Alle Lehren von Buddha Shakyamuni befassen sich hauptsächlich mit dem Geist, wobei die wichtigsten Punkte sind, anderen niemals wissentlich zu schaden und darauf zu achten, nur Gutes zu tun. Alle Handlungen hängen von den eigenen Absichten ab, und deshalb ist es notwendig, den eigenen Geist zu schulen und zu zähmen. Die Methoden und Mittel, um dies zu tun, werden in den Unterweisungen des Buddha vorgestellt.
Aufgrund der geografischen Entfernungen und Grenzen war es den Menschen in Ost und West in der Vergangenheit nicht möglich, in einen Dialog zu treten, da der Begriff "Entfernung" nur ein mentales Konstrukt ist, das keine Bedeutung mehr hat. Die Vorstellung, dass sich östliche und westliche Kulturen nicht begegnen können, weil sie sich zu stark unterscheiden, ist eine mentale Fiktion, die zu einer Spaltung von Ost und West führt und nicht zu einem gegenseitigen Verständnis beiträgt. Nur weil die Geschichtsbücher trennen, heißt das nicht, dass wir keine gemeinsamen Anliegen haben. Deshalb denke ich, dass wir falsche Vorstellungen, die trennen und entzweien, überwinden und stattdessen lernen müssen, das Wissen und die Weisheit zu schätzen, die jeder hat. Ich denke, wenn wir lernen, uns gegenseitig zu verstehen und zu schätzen, wird dies zu einer besseren Welt beitragen.
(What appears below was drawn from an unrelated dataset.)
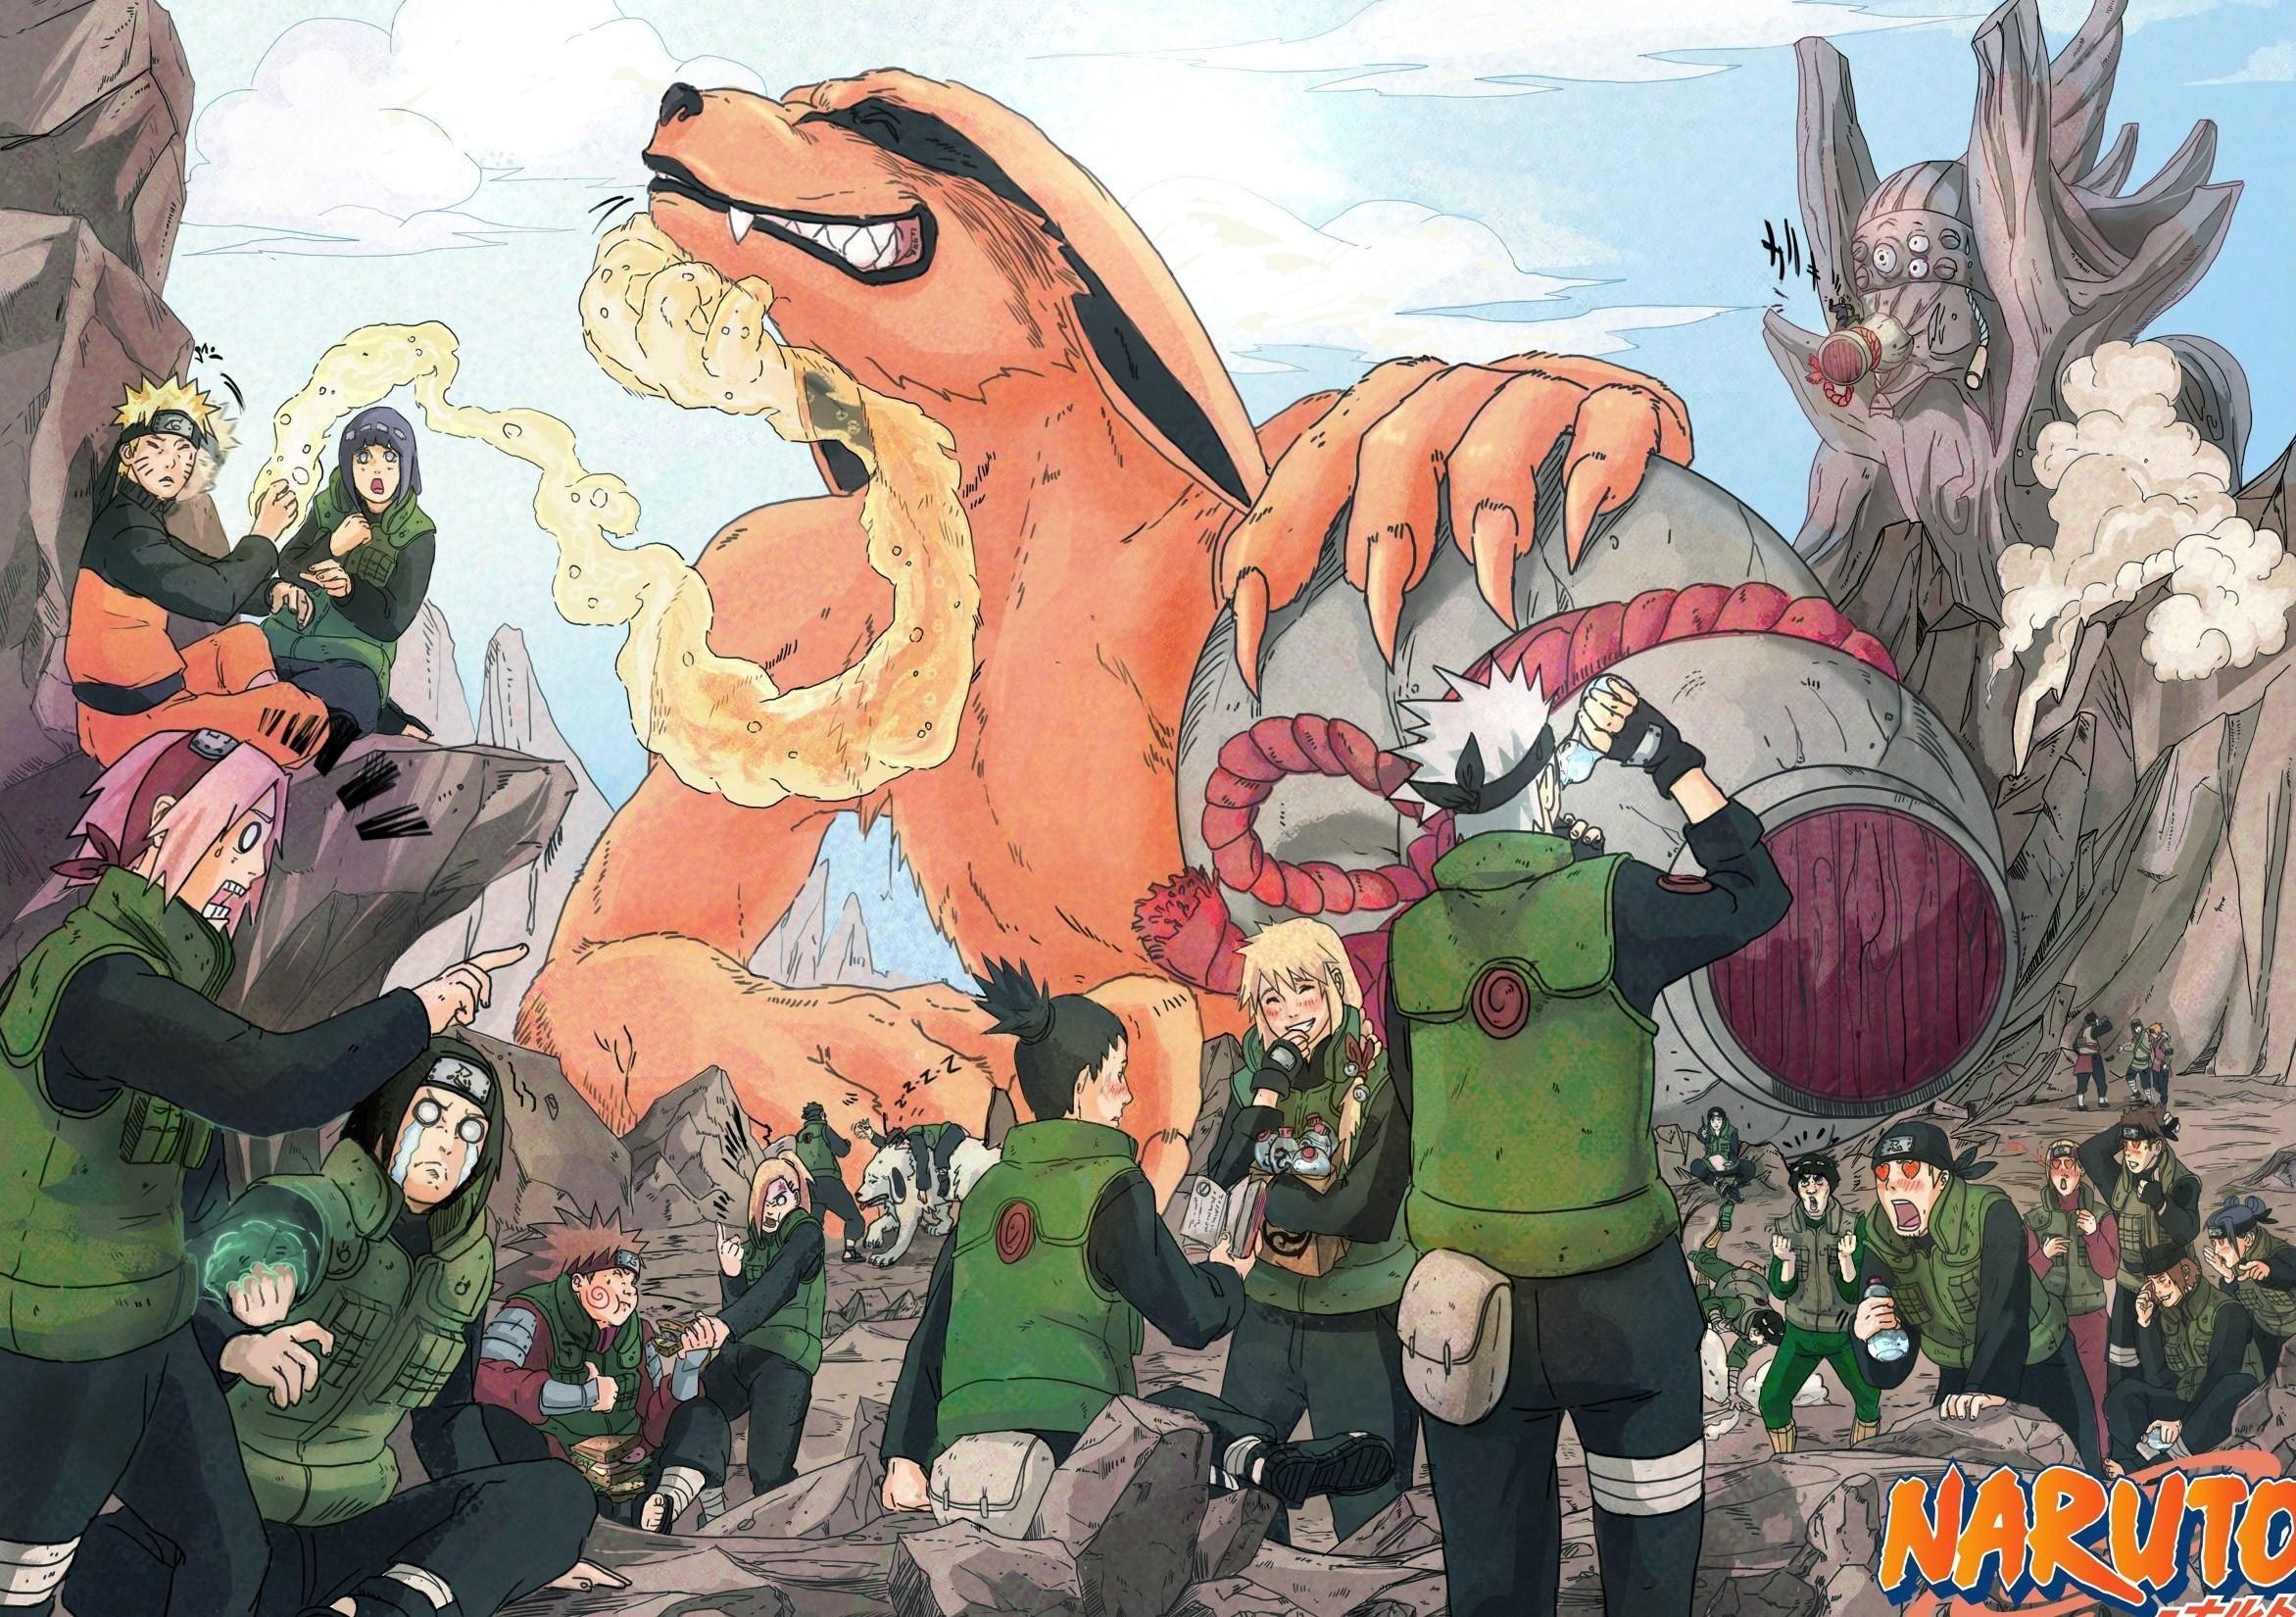 Download Wallpaper Macbook Naruto - 1077638-vertical-shikamaru-nara-wallpaper-2343x1650-for-macbook  Pic_597691.jpg
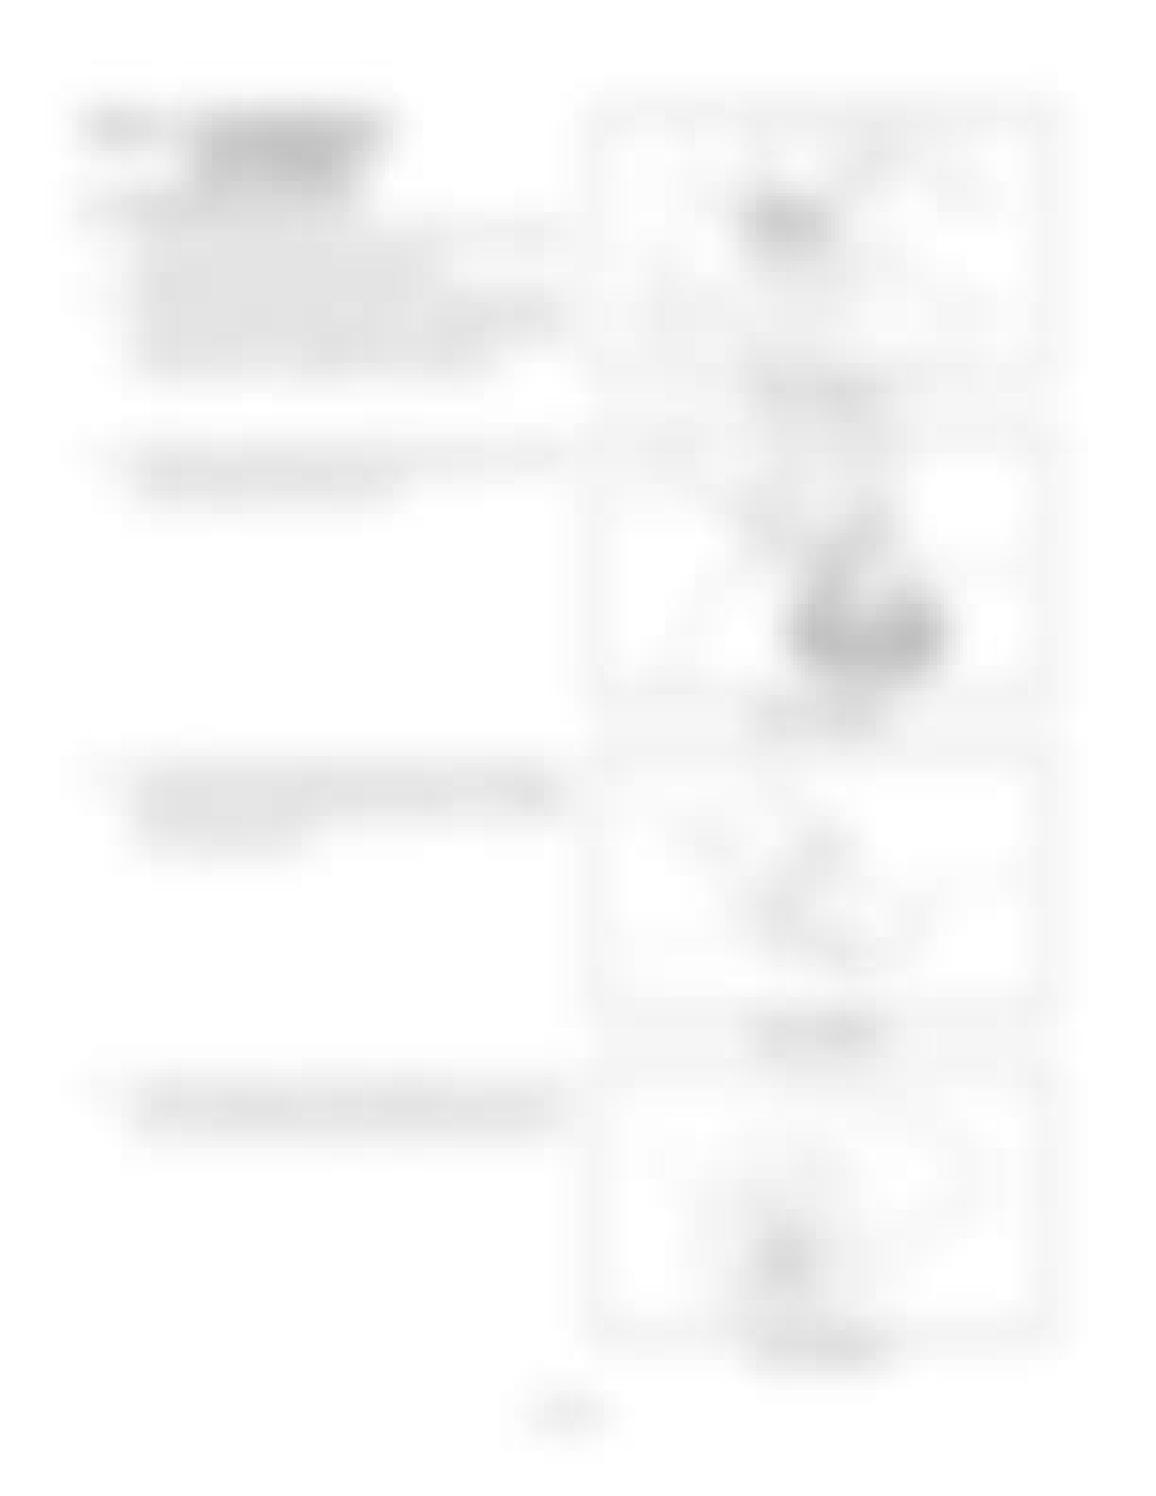 Hitachi LX110-7 LX130-7 LX160-7 LX190-7 LX230-7 Wheel Loader Workshop Manual - PDF DOWNLOAD page 132

Viele Menschen denken, dass der Buddhismus auf bestimmte Bräuche beschränkt ist und einen Lebensstil voraussetzt, der sich von dem eigenen unterscheidet, was weit von dem entfernt ist, was der Buddhismus wirklich lehrt. Der Buddhismus betont das empirische Wissen und spricht Erfahrungen an, die allen Lebewesen gemeinsam sind. So erfährt jedes Lebewesen Leid und Glück, und gewöhnlich denkt man, dass äußere Bedingungen die Ursache sind. Der Buddha lehrte, dass äußere Dinge nicht die Quelle von Zufriedenheit und Frustration sind, sondern dass der Geist alle Situationen erschafft, die man durchlebt, und das nicht nur auf einer kurzfristigen Basis. Der Geist sammelt und speichert Eindrücke in Form von langjährigen Gewohnheitsmustern, die den Menschen dazu bringen, sich selbst und die Welt auf eine bestimmte Weise zu betrachten. Der Buddhismus befasst sich nicht mit äußeren Umständen und Bedingungen, die man lediglich akzeptieren oder ablehnen soll, um Wohlbefinden zu erlangen, sondern lehrt seine Anhänger, die Quelle der Erfahrungen zu betrachten, nämlich den eigenen Geist. Der eigene Geist bestimmt die verbalen und körperlichen Aktivitäten, der eigene Geist ist das Lagerhaus der Gewohnheitsmuster, die sich im täglichen Leben angesammelt haben und nicht etwas außerhalb von einem selbst sind. Der Buddhadharma lehrt die Schüler, ihren eigenen Geist und seine Aktivitäten zu betrachten und zu erkennen. Die Praktizierenden sind dann in der Lage zu erkennen, dass ihr Geist konditioniert ist und der bestimmende Faktor für die Art und Weise ist, wie sie ihr Leben erleben und führen.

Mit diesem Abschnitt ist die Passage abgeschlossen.